What stops this being little more than an accounting exercise is that the fund will have to be transparent in detailing money in and money out so the public gains confidence that the proceeds from asset sales are actually being retained to spend on new public assets.
The device is classic John Key. The Prime Minister does not like to feel vulnerable on any front. Instead of the macho posturing in which politicians indulged during the privatisations of the 1980s and 1990s, Key's tendency is to sweeten something for which the great bulk of voters have no appetite.
This ploy also allows Key to argue that because there is no money allotted in this year's Budget for spending on capital assets, Labour would have to borrow to build new schools and hospitals because it would not have the $5 billion to $7 billion flowing from the part privatisations.
National is pulling out the stops to stigmatise Labour as a bunch of borrow-aholics, while portraying its own "mixed ownership model" as win-win in terms of investment opportunities for New Zealanders.

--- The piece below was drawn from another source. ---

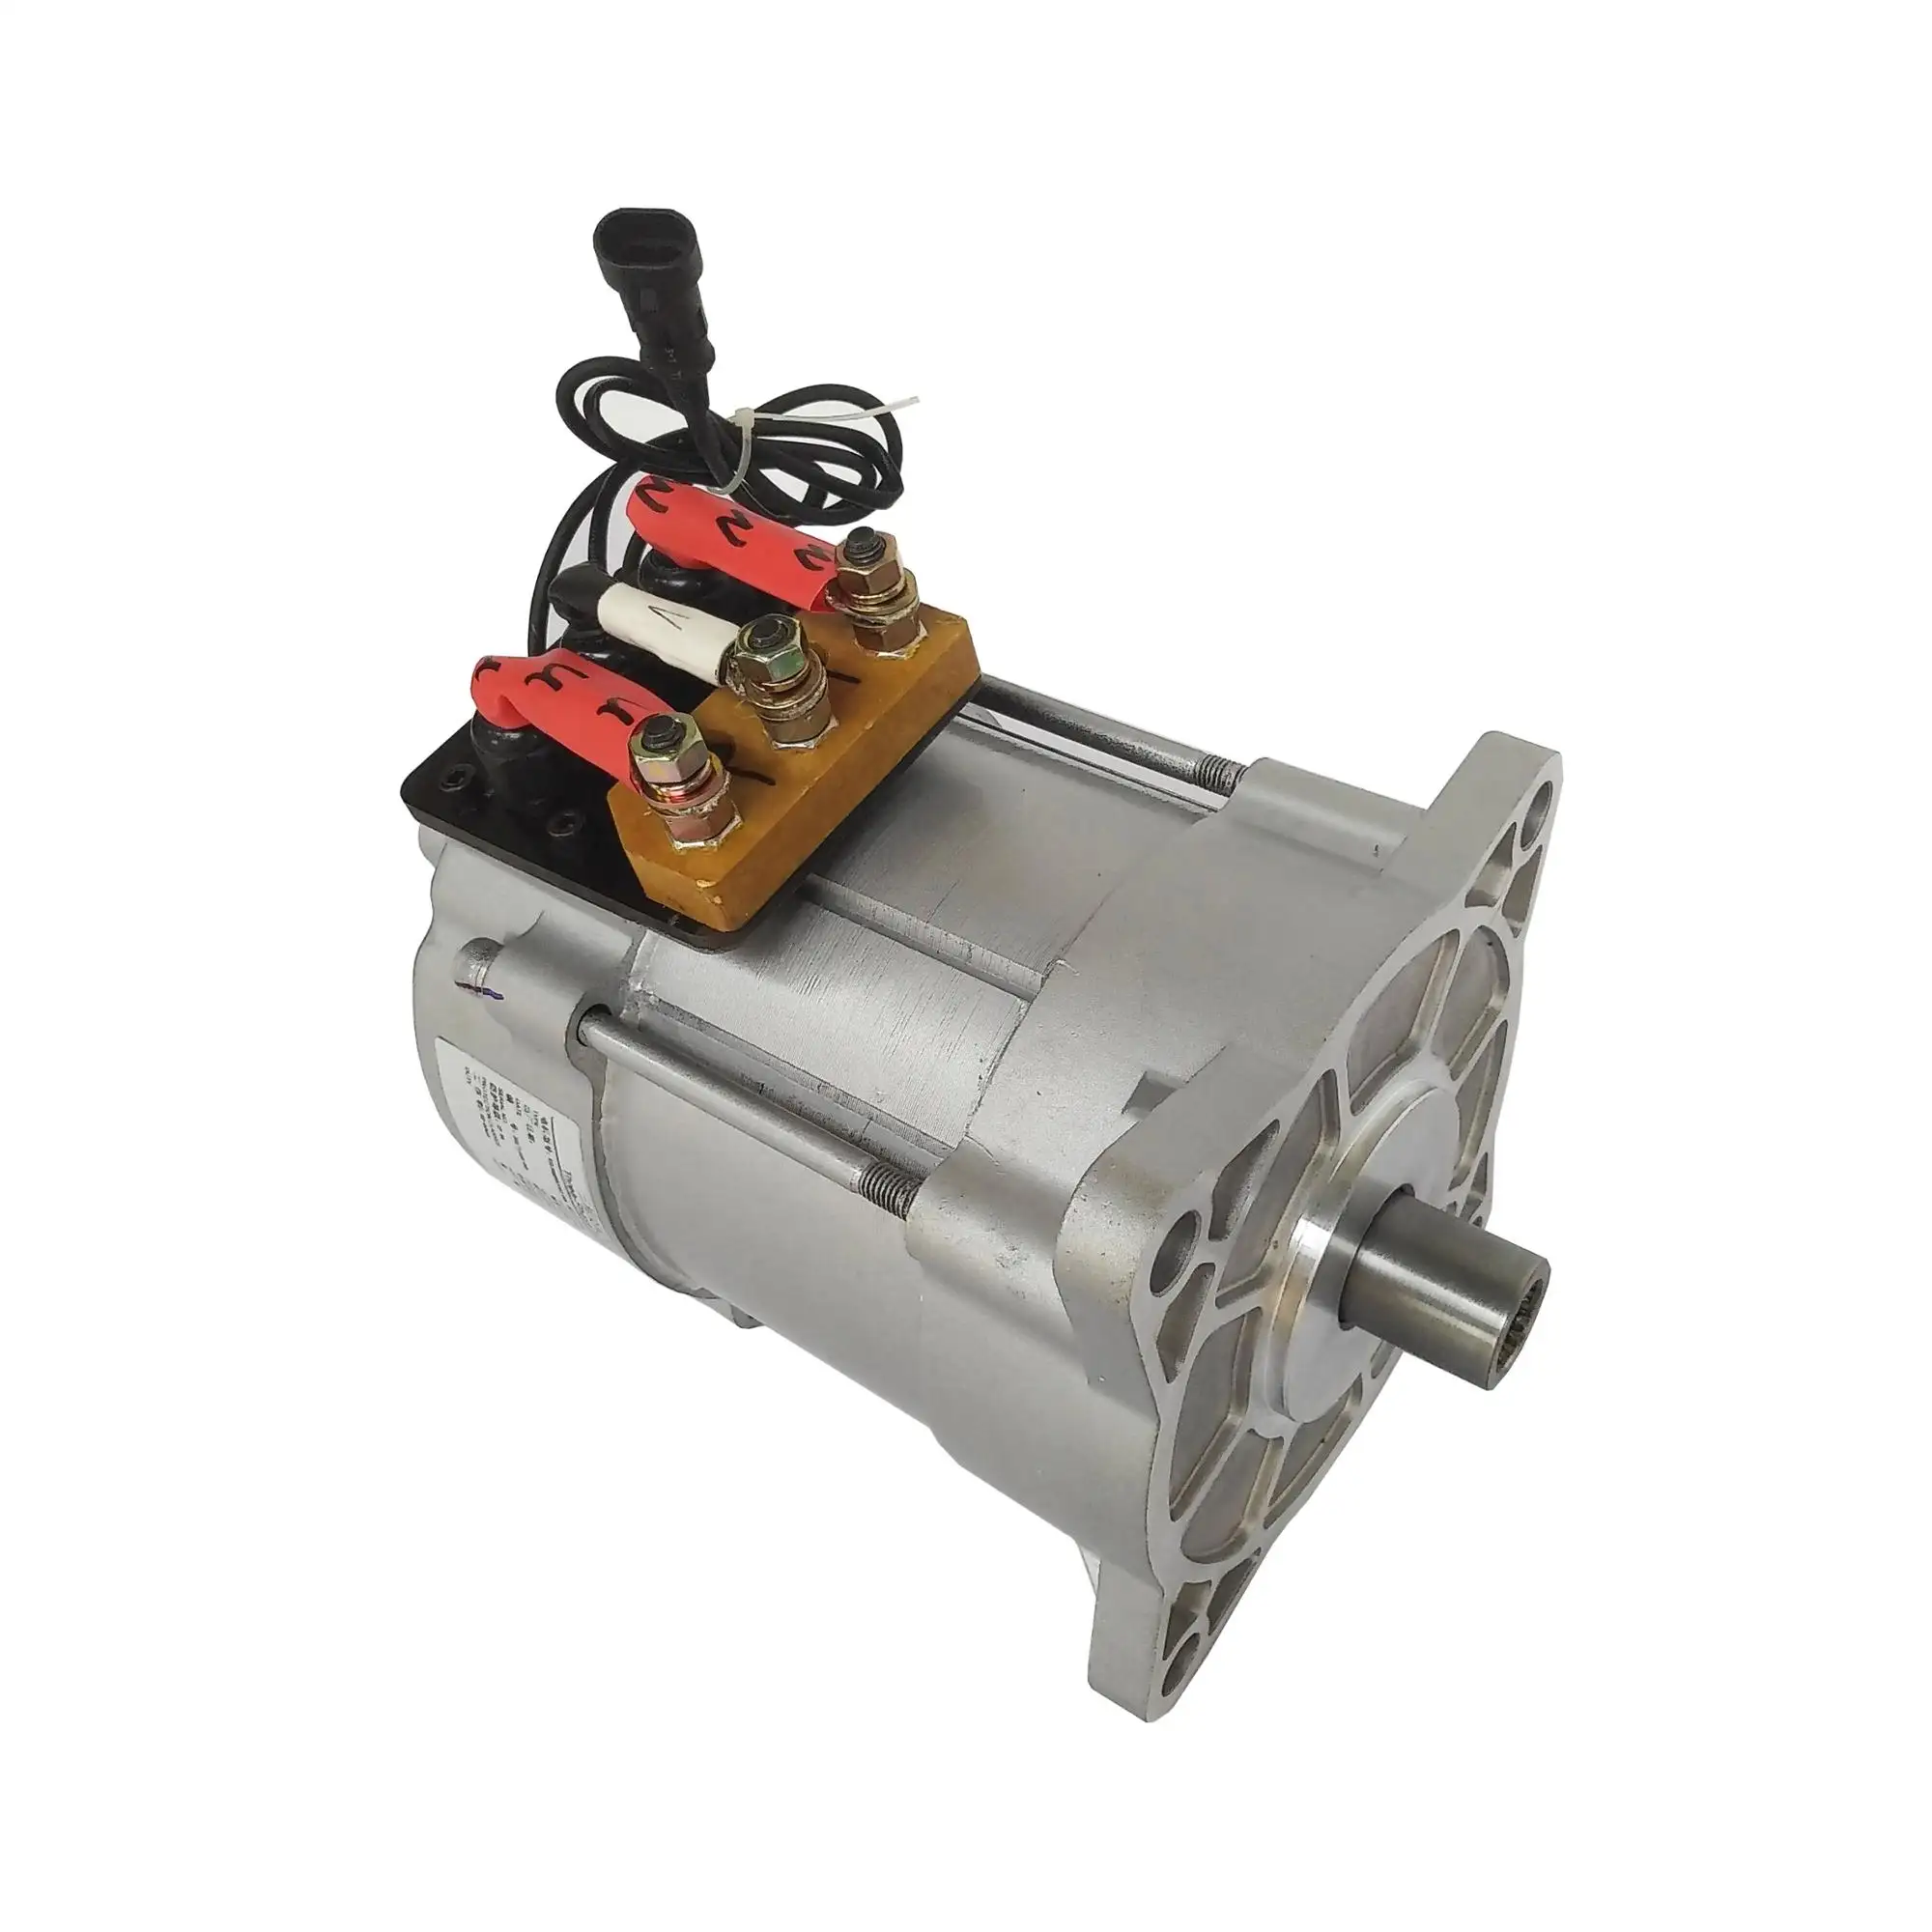 SHINEGLE 48V/60V 3KW Motor de CA Motor eléctrico de alto rendimiento para carrito de Golf/Triciclo EV kit de conversión de coche
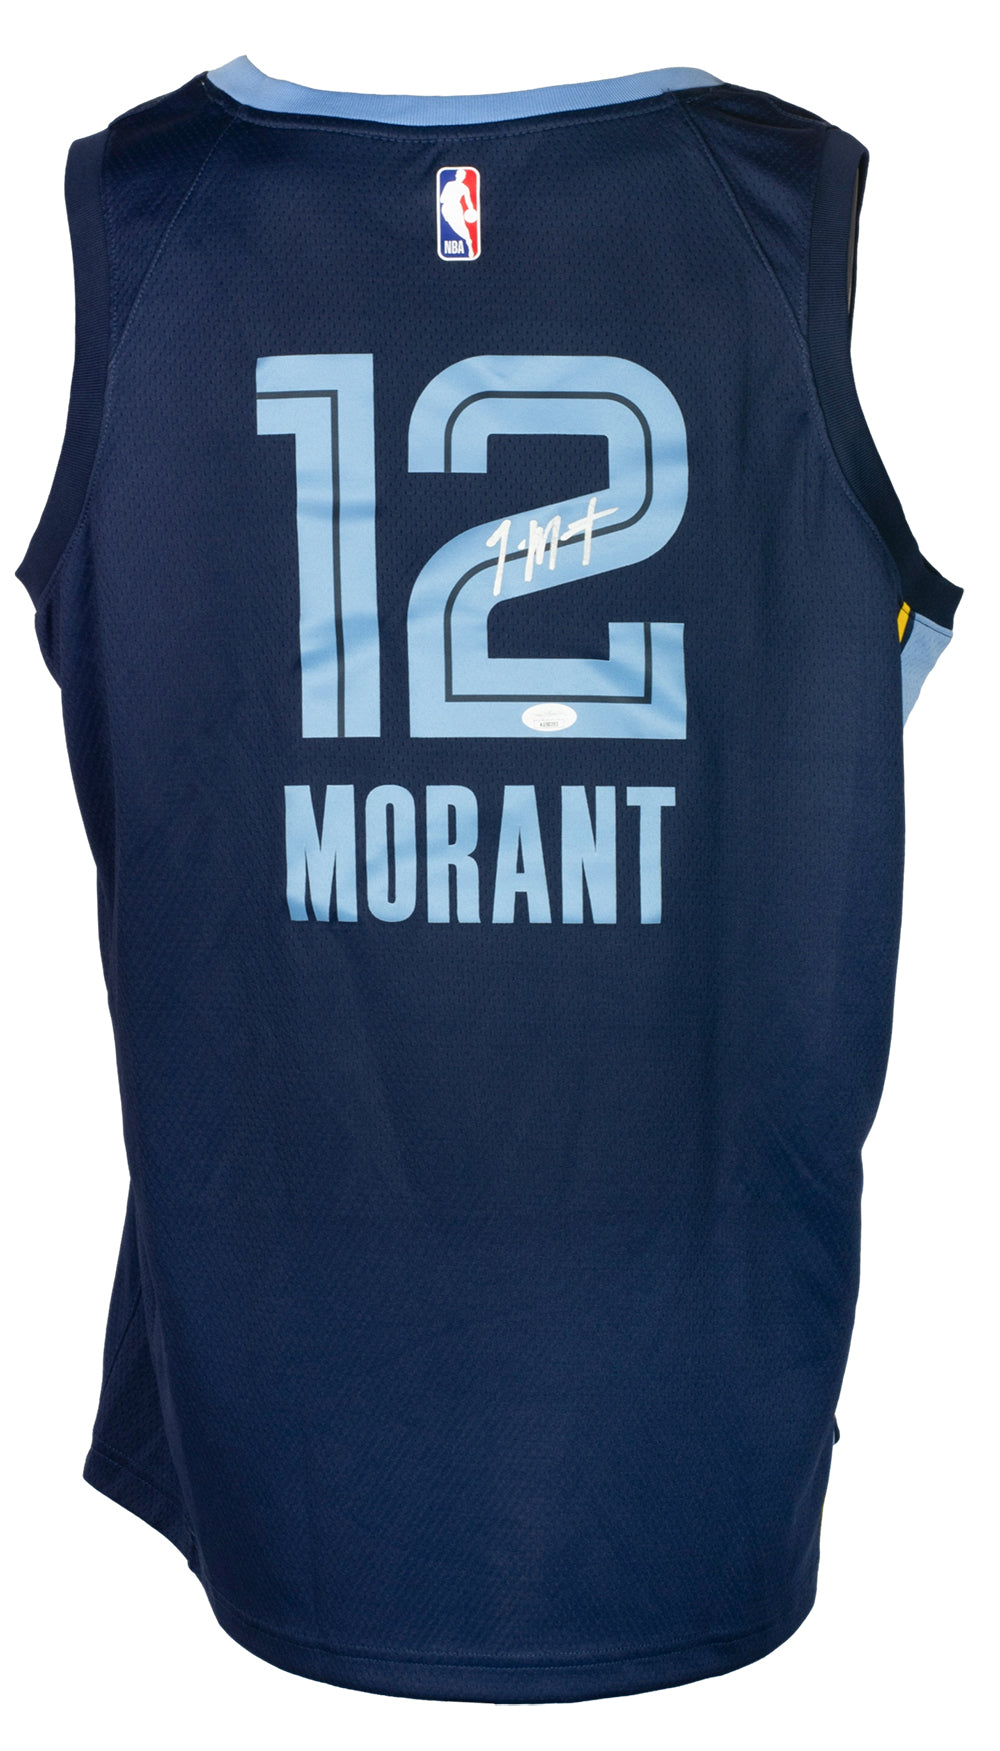 Ja Morant Signed Blue Nike Memphis Grizzlies Swingman Basketball

That the first tranche from the fund will go to education is no accident. It will be difficult for Labour to criticise the proceeds from asset sales being spent on new schools, especially if they are low decile ones.
It is clever tactics on Key's part. But his cunning plan may still not convince voters. While the fund may be transparent, so are Key's motives. He is trying to solve a political problem - one with which National has made little headway since earlier this year when it flagged the sell-offs should it win the election.
Taking the seemingly less politically sensitive option whereby the Government would retain majority control while still picking up half of any dividends does not seem to have worked.
When push comes to shove, it seems most voters simply don't like privatisations, partial or otherwise.